Extracted information ::
Content starts

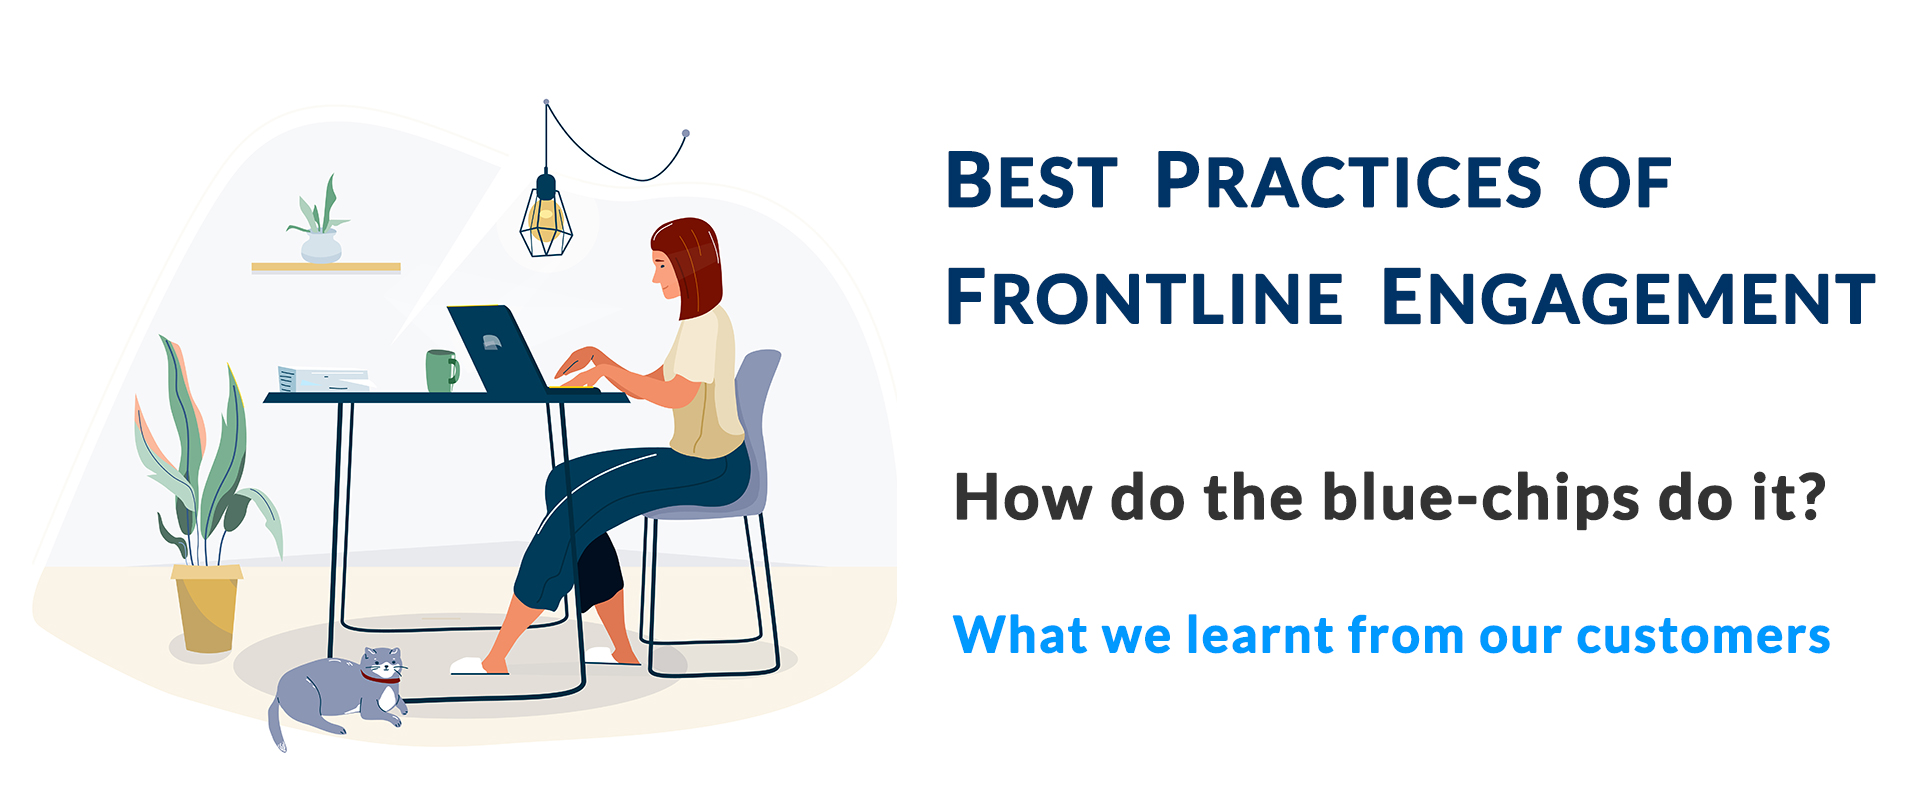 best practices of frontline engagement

Content ends
Content starts

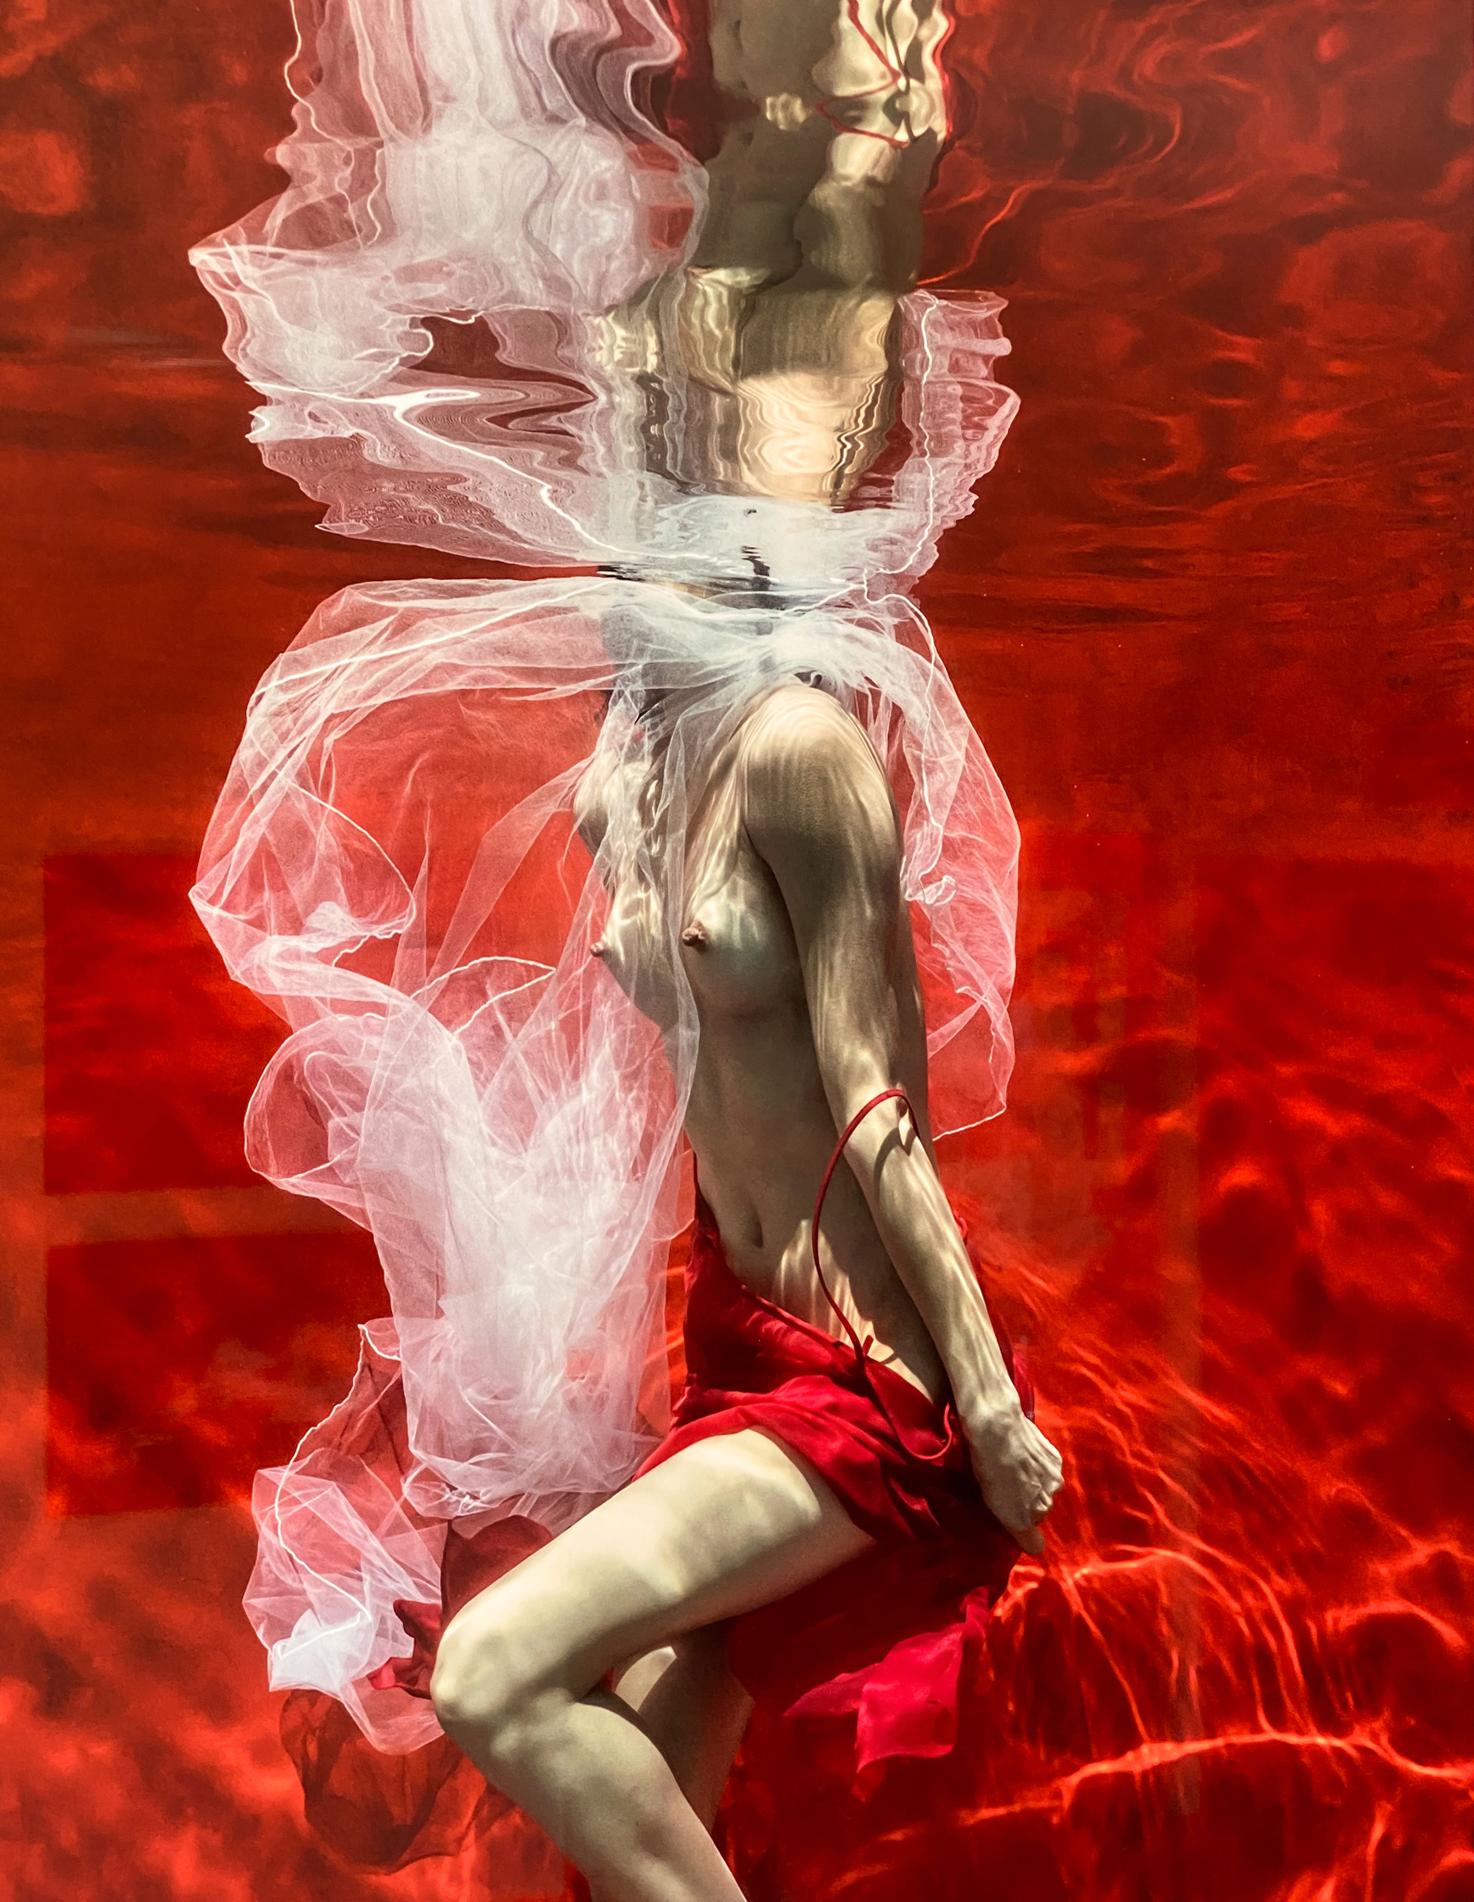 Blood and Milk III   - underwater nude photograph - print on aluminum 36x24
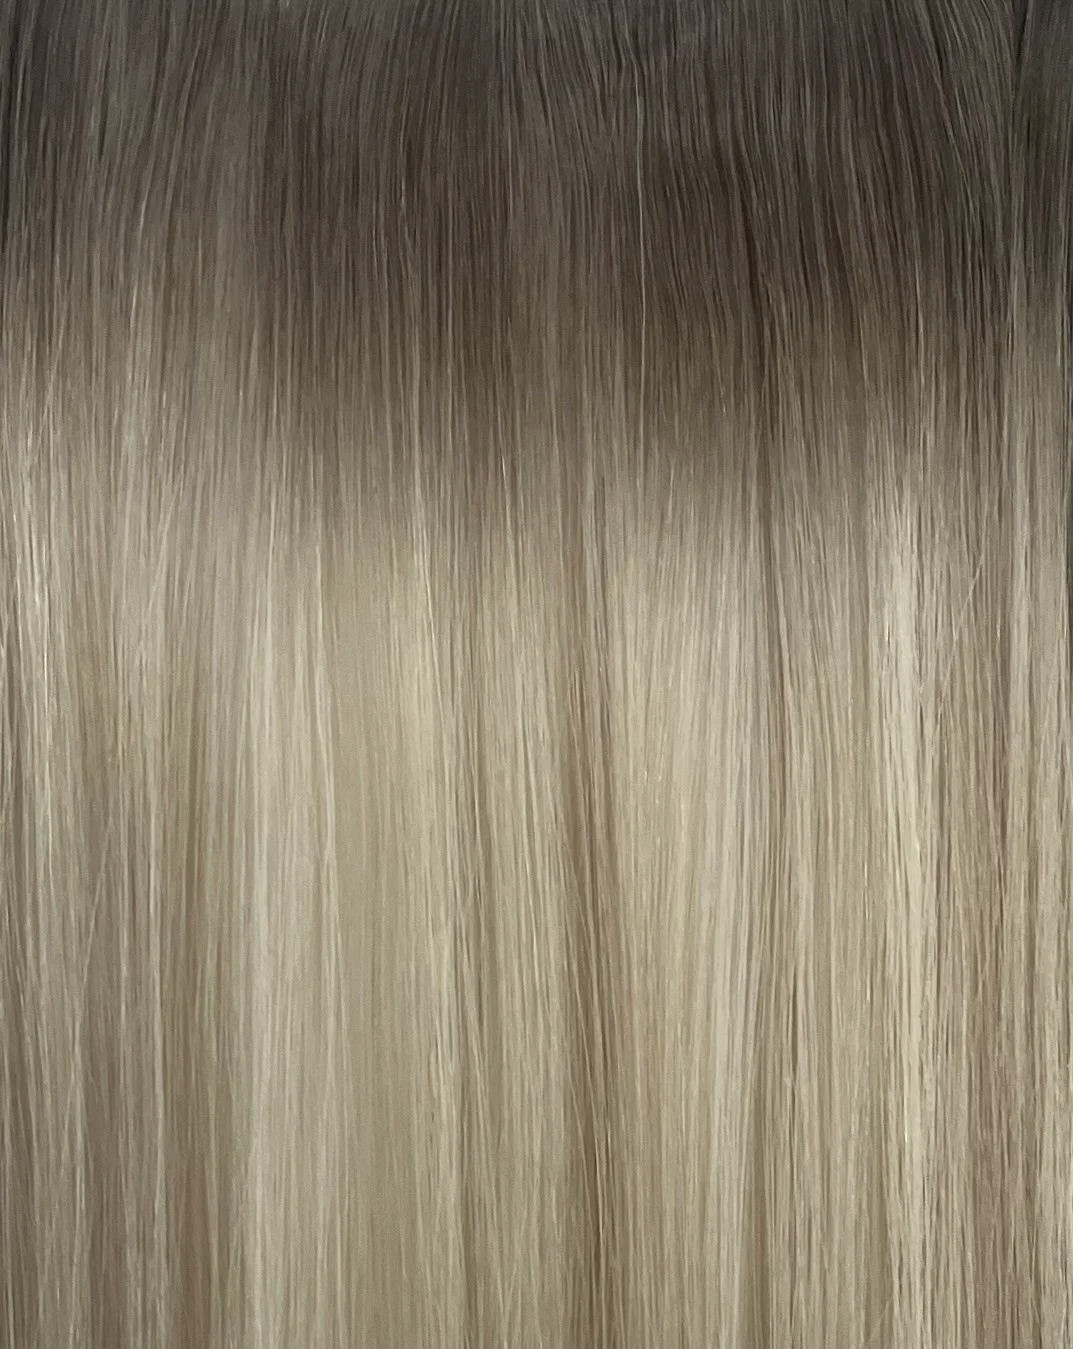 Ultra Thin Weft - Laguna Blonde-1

Content ends

What the exercise asks :: Your answer must be everything above from the line with "Blood and Milk" down to the line with "Ultra Thin Weft - Laguna Blonde-1", word for word, and no pictures.

Response box ::
 Blood and Milk III   - underwater nude photograph - print on aluminum 36x24
 Ultra Thin Weft - Laguna Blonde-1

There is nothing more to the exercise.